O vocalista dos Queens of the Stone Age tem uma teoria prosaica: os The Stooges são como uma “kick-ass version of herpes”, isto é, uma doença venérea que se propaga debaixo dos nossos narizes, às escuras, na privacidade do quarto, que a música popular carrega como uma uma chaga sem qualquer cura. O motim destas canções continua insuperável em 2020, passaram cinco décadas e permanece a urgência, um desacato face a qualquer noção de conformismo e decência. O demente segundo álbum dos The Stooges, Fun House, foi gravado em 1970 durante uma semana e meia em Los Angeles, de enfiada, composto por sete canções incendiárias que aqui tomamos a liberdade de dividir por capítulos para contar a história do — permitam-nos a arrogância, que convém lembrar, é o elixir fundamental neste universo — melhor álbum rock de todos os tempos.
“Down on the Street”
Os Stooges são uma banda de rufias. Desde a primeira canção, do primeiro segundo de Fun House — quando a bateria e a guitarra de Scott e Ron Asheton impõem um andamento ameaçador, de quem anda a rondar o bairro à procura de sarilhos — que está estabelecido que isto não é boa gente. A marcha não é vagarosa nem célere, tem a velocidade certa para nos deixar de sobreaviso e serve de amparo para os ganidos de um homem-besta, um ser lascivo que ameaça ao invés de cantar.
Originalmente, a violenta “Down on the Street” era uma canção de amor, contrasenso que era natural a Jim Osterberg, um rapaz dócil que, de tronco nu e coleira de cão, transfigura-se em Iggy Pop. Jim Osterberg adota o alter ego Iggy Pop enquanto baterista blues, meados da década de sessenta, mais condizente com a atitude de rufia que tinha vindo a especializar-se desde que conheceu os dois irmãos Asheton, mandriões que passavam os dias encostados à montra da Discount Records, loja de discos em Ann Arbour, cidade universitária a 40 minutos de Detroit. Uma displicência completa impedia os dois Asheton de sequer vingarem como delinquentes, e este desalento profundo — “No fun to hang around/ Feelin’ that same old way” — é acolhido pelo estudante Osterberg, que incorpora as desvirtudes dos amigos num personagem malfeitor que anda a monte, como descreve entre grunhidos em “Down on the Street”.

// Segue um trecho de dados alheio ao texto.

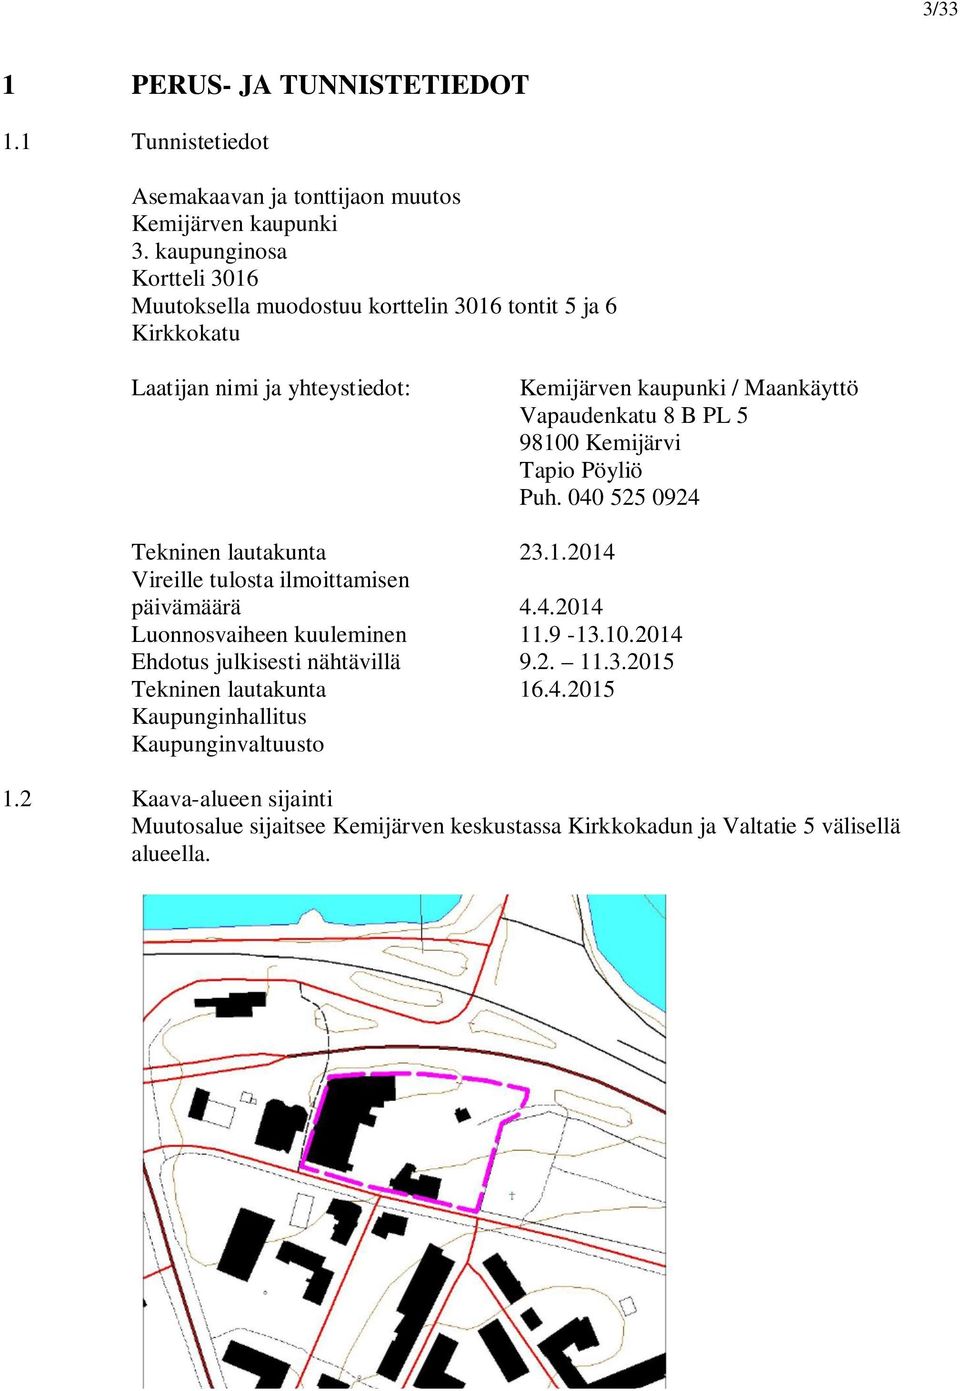 PL 5 98100 Kemijärvi Tapio Pöyliö Puh. 040 525 0924 Tekninen lautakunta 23.1.2014 Vireille tulosta ilmoittamisen päivämäärä 4.4.2014 Luonnosvaiheen kuuleminen 11.9-13.10.2014 Ehdotus julkisesti nähtävillä 9.

Estes três vagabundos pegam em instrumentos para fazer ruído, numa espécie de slacker avant-garde psicadélico, inicialmente sob o nome The Psychedelic Stooges, aproveitando a libertinagem que soprava em Ann Arbour. A cidade não deixava de conter o espírito severo da vizinha Detroit, embebido nas fábricas estridentes e na metodologia fordista da linha de montagem. Curiosamente, o método que também inspirou a disciplina de trabalho da conterrânea Motown Records, mas distinguindo-se pelo livre arbítrio sem qualquer tipo de supervisão parental.
O resto da história é célebre: os Stooges entram na comitiva dos MC5 — a banda de ativismo político gerida pelo guru da contracultura John Sinclair; são contratados pela editora Elektra com os MC5 numa promoção “paga um leva dois”; lançam um primeiro álbum brilhantemente monocórdico; e, em obediência à transgressão de qualquer expectativa, abandonam os MC5 e recusam-se a tocar qualquer faixa do disco de estreia, incluindo um hino emblemático como “I Wanna Be Your Dog”.
“Loose”
“Loose” é mais que uma canção, é um estado de espírito. Apesar da frase sugestiva “I’ll stick it deep inside”, a origem não é propriamente o consumo de drogas ou a líbido, é um engrenar completo num transe rítmico que podia ser originalmente qualquer coisa nas lides de James Brown, mas passou a pente fino pela compressa e trituradora dos irmãos Asheton e do baixista Dave Alexander. É Iggy Pop que compõe as canções de Fun House e que dá o corpo às balas ao incorporar este sentimento de soltura — “Cause I’m loose” –, mas é Ron Asheton que cria o riff de “Loose”. Este apontamento ficou perdido pela história, provavelmente pelas nítidas dificuldades de comunicação entre os instrumentistas da banda, alegremente cingidos à retaguarda, estáticos perante a insurreição do vocalista em palco.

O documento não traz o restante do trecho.